Things to fix if you want minimally acceptable CSS out of DSpace:

  • Font sizes for the web should never, ever, ever be set in points. I recommend changing points to pixels and working from there; it’s what I’m going to do to start with. (I expect to end up at my usual set-body-to-100% and set-regular-text-to-.8em place, because it tends to work, but we’ll see how it goes.)
  • This is a debatable point, but I got rid of the hacky JSP browser-sniffing and renamed the result to .css instead of .css.jsp. If I’m going to do browser hacks, I want them limited to the CSS itself as much as possible. Plus, this makes testing easier; I don’t have to rebuild DSpace just for a single CSS tweak. (Yes, I know about file overwriting on rebuild, thanks.)

Things to fix if you want decent markup out of DSpace:

  • Dump tables right and left. They’re bloody everywhere, and many, many of them are thoroughly unnecessary. Replace with structural div tags as needed.
  • Rip out presentational attributes such as bgcolor, border, and suchlike. The color ones are especially egregious, because they hamper your ability to customize your install’s look. (MPOW doesn’t like colored boxes even a little bit, for example, preferring the clean white look. Hard to do with bogocolored tables all over the place.) The more tables you get rid of, the less of this you have to do; most of this particular grot is confined to table markup.
  • Fix navbar-default.jsp and navbar-admin.jsp so that the lists are actually lists instead of (wait for it) another table. Get rid of the arrows, too; that’s a dead visual giveaway for an out-of-the-box install. What I’m doing is using the same snippet of Java code they’re using to set a class name for CSS adornment instead of setting the image.
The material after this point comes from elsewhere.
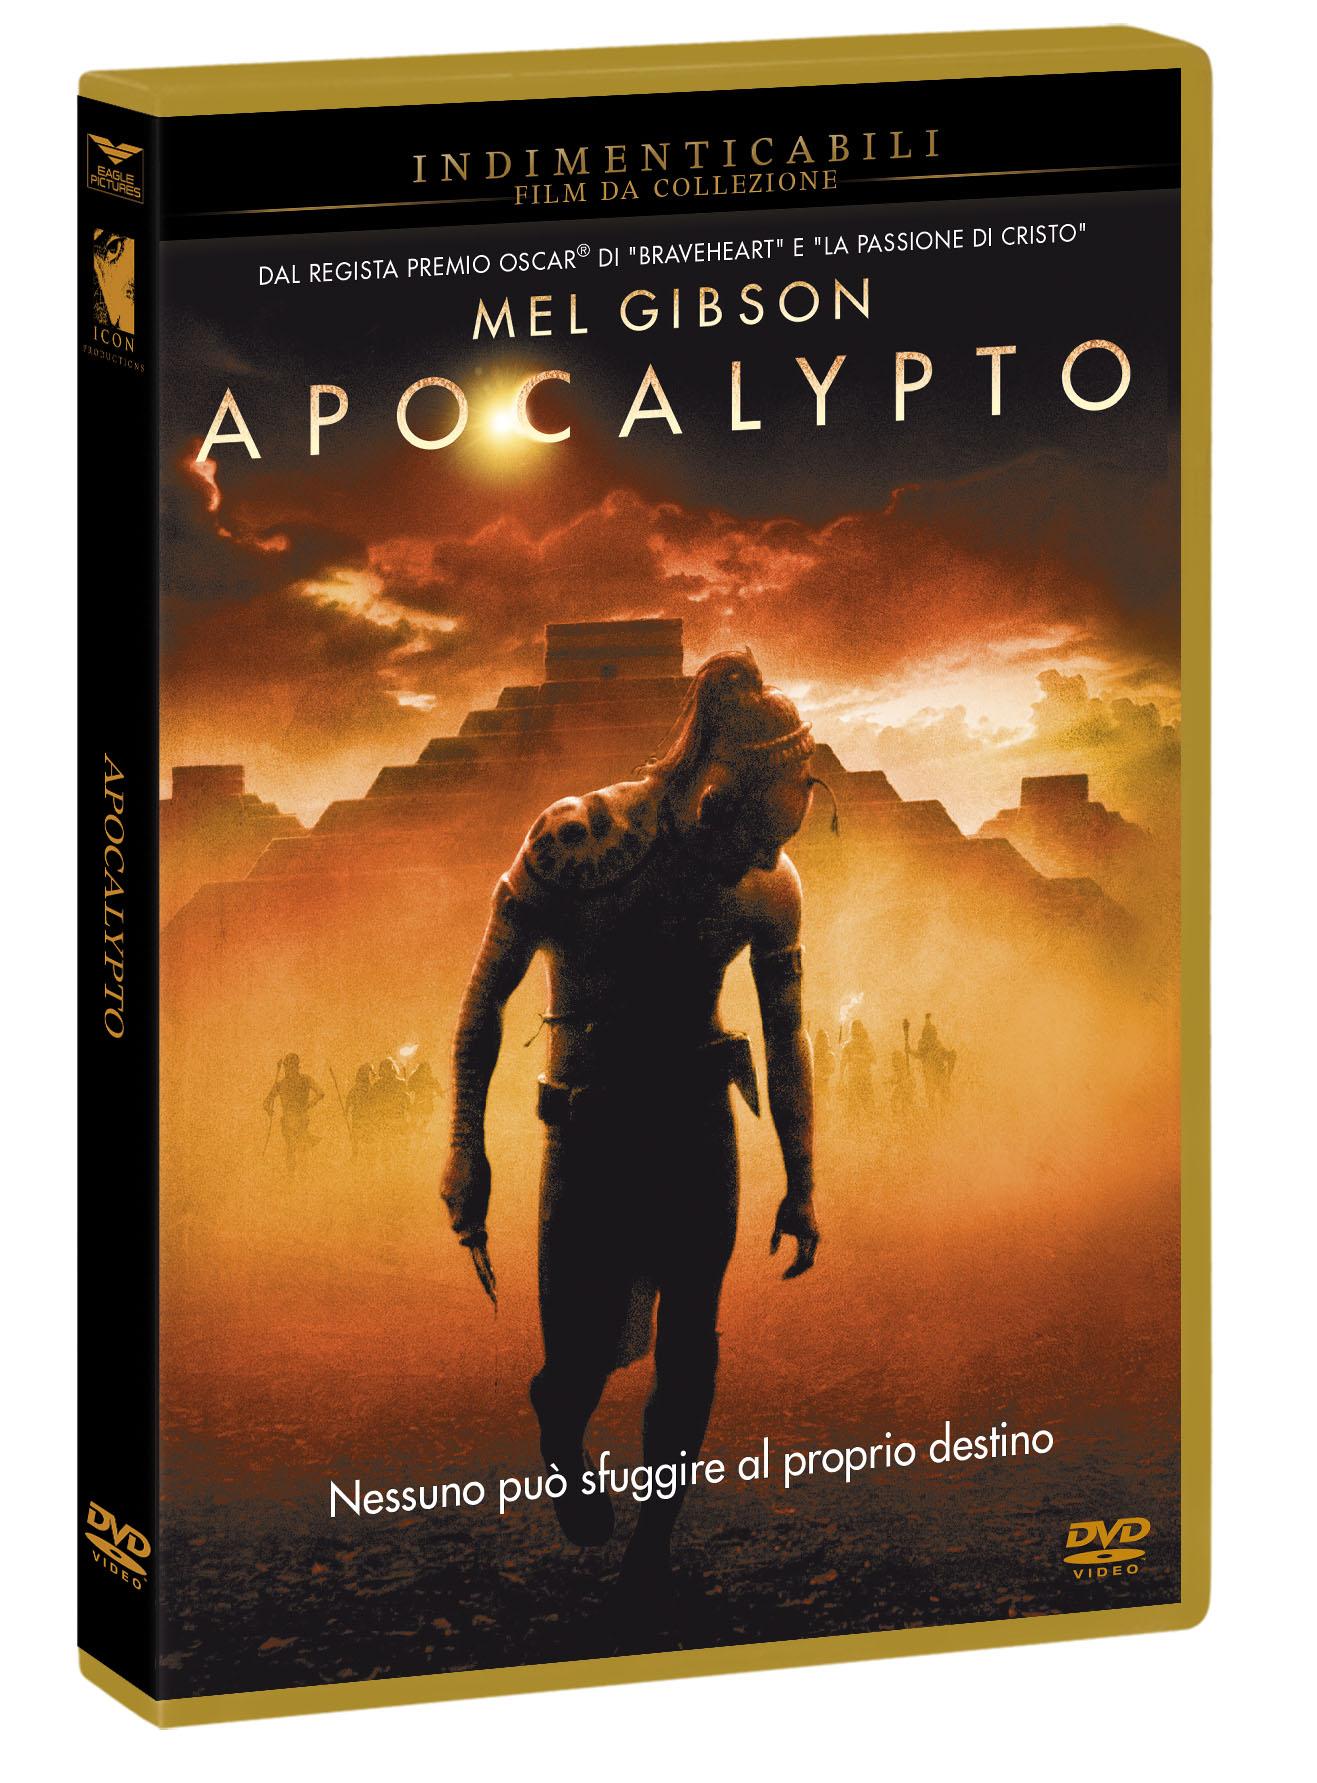 APOCALYPTO (INDIMENTICABILI) (DVD)
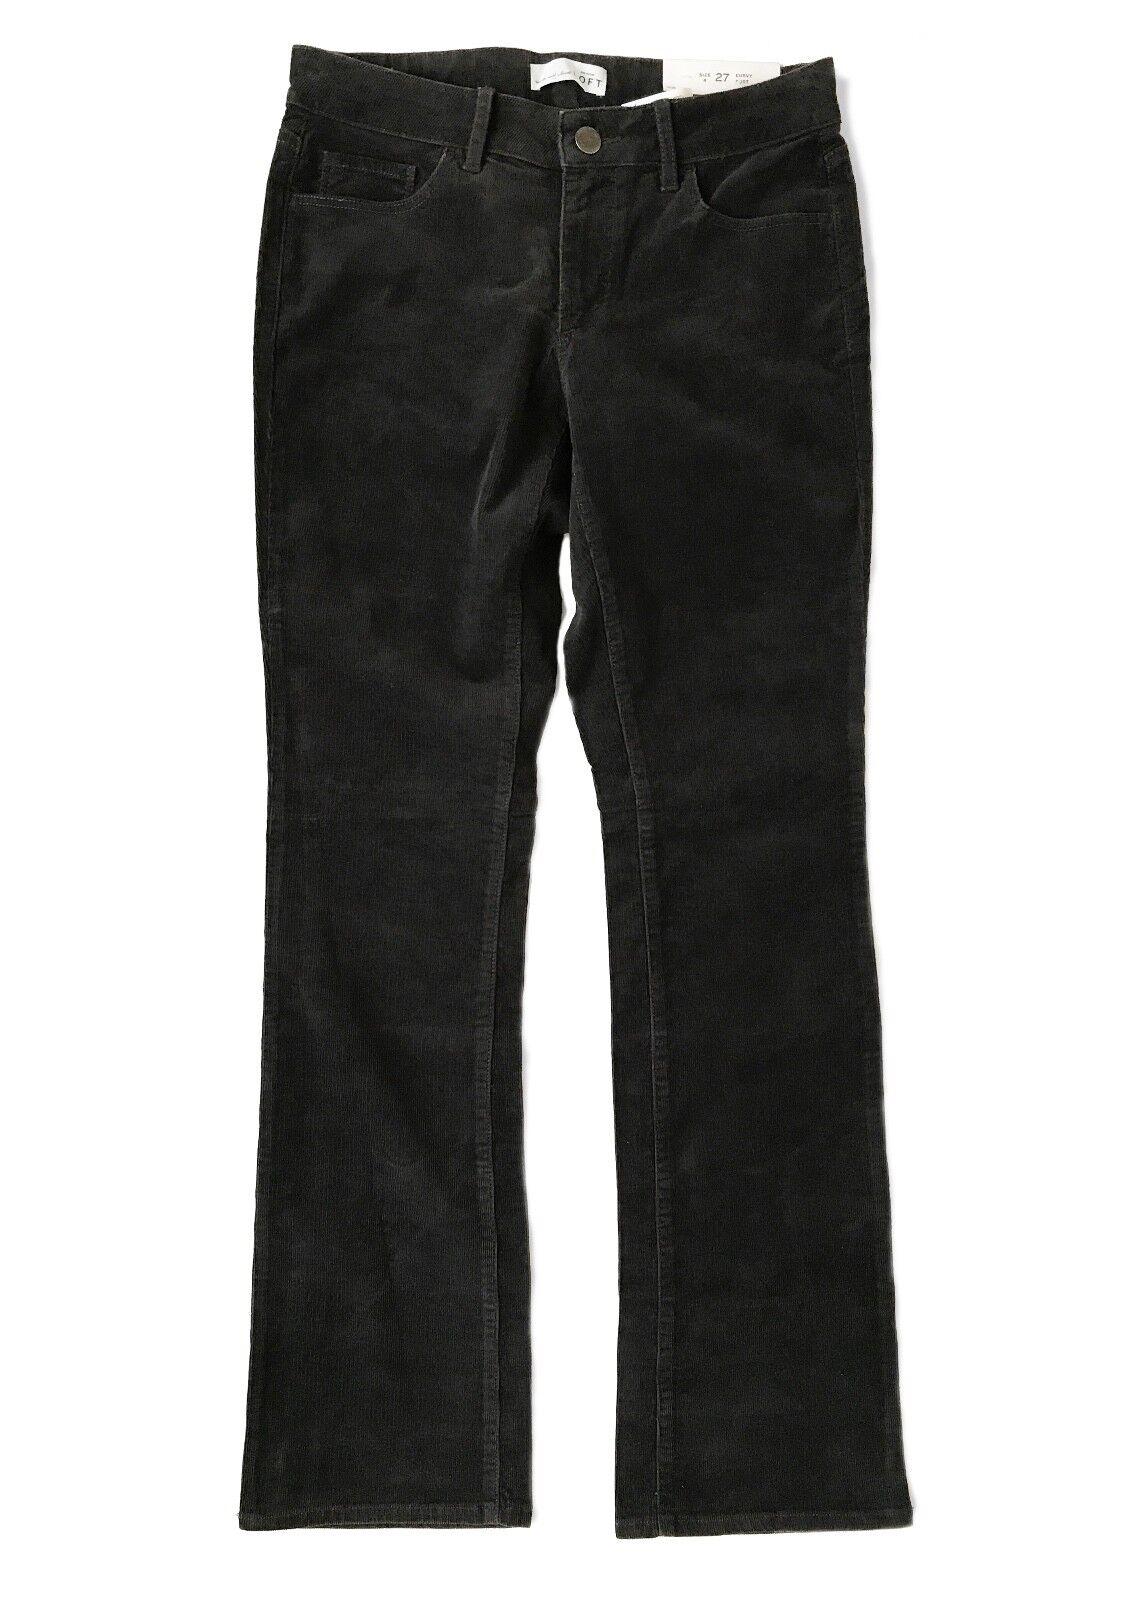 Loft - Damen 0 Hoch (0T) - Nwt - Kohle Grau Kurvige Stiefelcut Cord Hose

Things to fix for usability:

  • I’m sure most people fix this immediately, but in case you haven’t: The logo link in the upper left-hand corner of the header goes to the home URL of your DSpace install. It shouldn’t, if you’ve put your institution’s logo in there (as most people will); that logo should always go to the institution’s home page. Make the name of your install into a link to the install’s home page, instead. You’ll want to slap an id on there, so that you can tell the CSS not to do weird things when link-hovering.
  • A lot of places tell you to “contact the admin” or “contact us” and then spit out contact info. This is silly. There’s a perfectly good feedback page in DSpace, so swipe the code from footer-default.jsp: <a href="<%= request.getContextPath() %>/feedback?fromPage=<%= fromPage %>">Contact the DSpace administrator.</a> and run with it.

Things to fix for accessibility:

  • Move the navigation bar out of header-default.jsp and into footer-default.jsp (after you close off the main page content). Position with CSS. Danger Will Robinson: this only works if you dump DSpace’s main table layout altogether. Which you should anyway, but some folks won’t want to.
  • Add label elements to labels in forms. Make sure that the form element being labeled has an id attribute, and set the for attribute on its label to the same value. (Did I lose you? Sorry, my fault. If you have <input type="text" id="myinput"> (simplified, of course), you want its label to be tagged <label for="myinput">. Side benefit is that clicking on the label sets the focus to the input in most browsers.)

This is nowhere near enough, especially on the usability front, but it’s a start.